Since this is a web service, I also need to declare the structure of the Data Transfer Objects in WSDL. The Visual Studio tools will generate the WSDL for me, and I'm a lazy kind of guy, so I'll let it do that. Here's the XML Schema definition that corresponds to the Data Transfer Objects.

<s:complexType name="AlbumDTO"> <s:sequence> <s:element minOccurs="1" maxOccurs="1" name="Title" nillable="true" type="s:string" /> <s:element minOccurs="1" maxOccurs="1" name="Artist" nillable="true" type="s:string" /> <s:element minOccurs="1" maxOccurs="1" name="Tracks" nillable="true" type="s0:ArrayOfTrackDTO" /> </s:sequence> </s:complexType> <s:complexType name="ArrayOfTrackDTO"> <s:sequence> <s:element minOccurs="0" maxOccurs="unbounded" name="TrackDTO" nillable="true" type="s0:TrackDTO" /> </s:sequence> </s:complexType> <s:complexType name="TrackDTO"> <s:sequence> <s:element minOccurs="1" maxOccurs="1" name="Title" nillable="true" type="s:string" /> <s:element minOccurs="1" maxOccurs="1" name="Performers" nillable="true" type="s0:ArrayOfString" /> </s:sequence> </s:complexType> <s:complexType name="ArrayOfString"> <s:sequence> <s:element minOccurs="0" maxOccurs="unbounded" name="string" nillable="true" type="s:string" /> </s:sequence> </s:complexType>

Being XML, it's a particularly verbose form of data structure definition, but it does the job.

To get the data from the Domain Model to the Data Transfer Object I need an assembler.

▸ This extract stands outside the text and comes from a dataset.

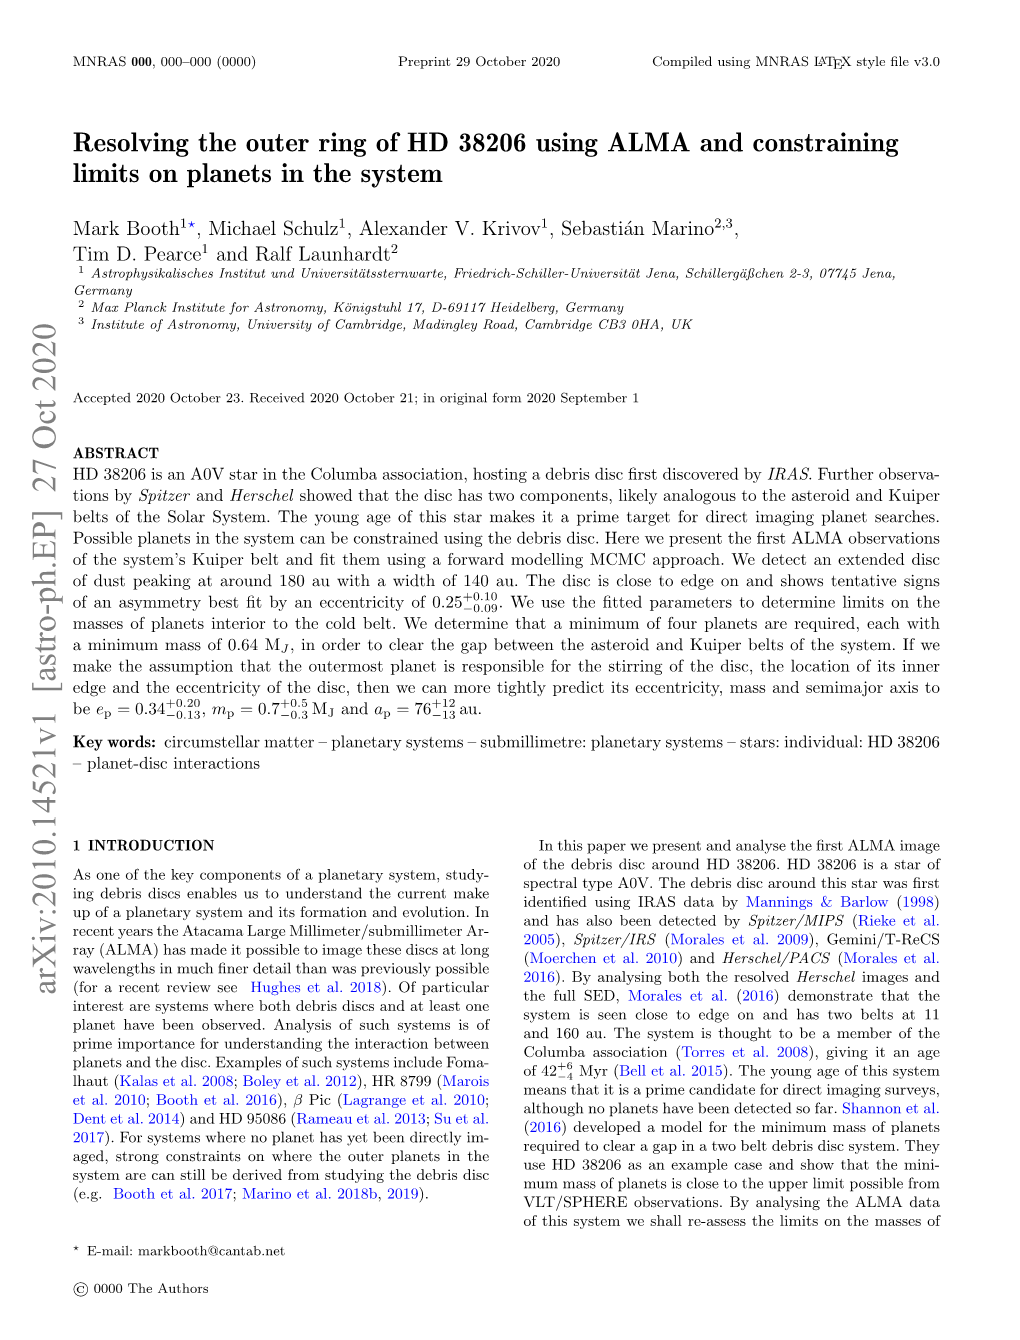 Resolving the Outer Ring of HD 38206 Using ALMA and Constraining Limits on Planets in the System

class AlbumAssembler... public AlbumDTO writeDTO (Album subject) { AlbumDTO result = new AlbumDTO(); result.Artist = subject.Artist.Name; result.Title = subject.Title; ArrayList trackList = new ArrayList(); foreach (Track t in subject.Tracks) trackList.Add (writeTrack(t)); result.Tracks = (TrackDTO[]) trackList.ToArray(typeof(TrackDTO)); return result; } public TrackDTO writeTrack (Track subject) { TrackDTO result = new TrackDTO(); result.Title = subject.Title; result.Performers = new String[subject.Performers.Count]; ArrayList performerList = new ArrayList(); foreach (Artist a in subject.Performers) performerList.Add (a.Name); result.Performers = (String[]) performerList.ToArray(typeof (String)); return result; }

The last piece we need is the service definition itself. This comes first from the C# class.

class AlbumService... [ WebMethod ] public AlbumDTO GetAlbum(String key) { Album result = new AlbumFinder()[key]; if (result == null) throw new SoapException ("unable to find album with key: " + key, SoapException.ClientFaultCode); else return new AlbumAssembler().writeDTO(result); }

Of course, this isn't the real interface definition - that comes from the WSDL file. Here are the relevant bits

<portType name="AlbumServiceSoap"> <operation name="GetAlbum"> <input message="s0:GetAlbumSoapIn" /> <output message="s0:GetAlbumSoapOut" /> </operation> </portType> <message name="GetAlbumSoapIn"> <part name="parameters" element="s0:GetAlbum" /> </message> <message name="GetAlbumSoapOut"> <part name="parameters" element="s0:GetAlbumResponse" /> </message> <s:element name="GetAlbum"> <s:complexType> <s:sequence> <s:element minOccurs="1" maxOccurs="1" name="key" nillable="true" type="s:string" /> </s:sequence> </s:complexType> </s:element> <s:element name="GetAlbumResponse"> <s:complexType> <s:sequence> <s:element minOccurs="1" maxOccurs="1" name="GetAlbumResult" nillable="true" type="s0:AlbumDTO" /> </s:sequence> </s:complexType> </s:element>

As expected, WSDL is rather more garrulous than your average politician, but unlike so many of them - it does get the job done. I can now invoke the service by sending a SOAP message of the form

<?xml version="1.0" encoding="utf-8"?> <soap:Envelope xmlns:xsi="" xmlns:xsd="" xmlns:soap=""> <soap:Body> <GetAlbum xmlns=""> <key>aKeyString</key> </GetAlbum> </soap:Body> </soap:Envelope>

The important thing to remember about this example isn't the cool gyrations with SOAP and .NET, but the fundamental layering approach. Design an application without distribution, then layer the distribution ability on top of that with Session Facades and Data Transfer Objects.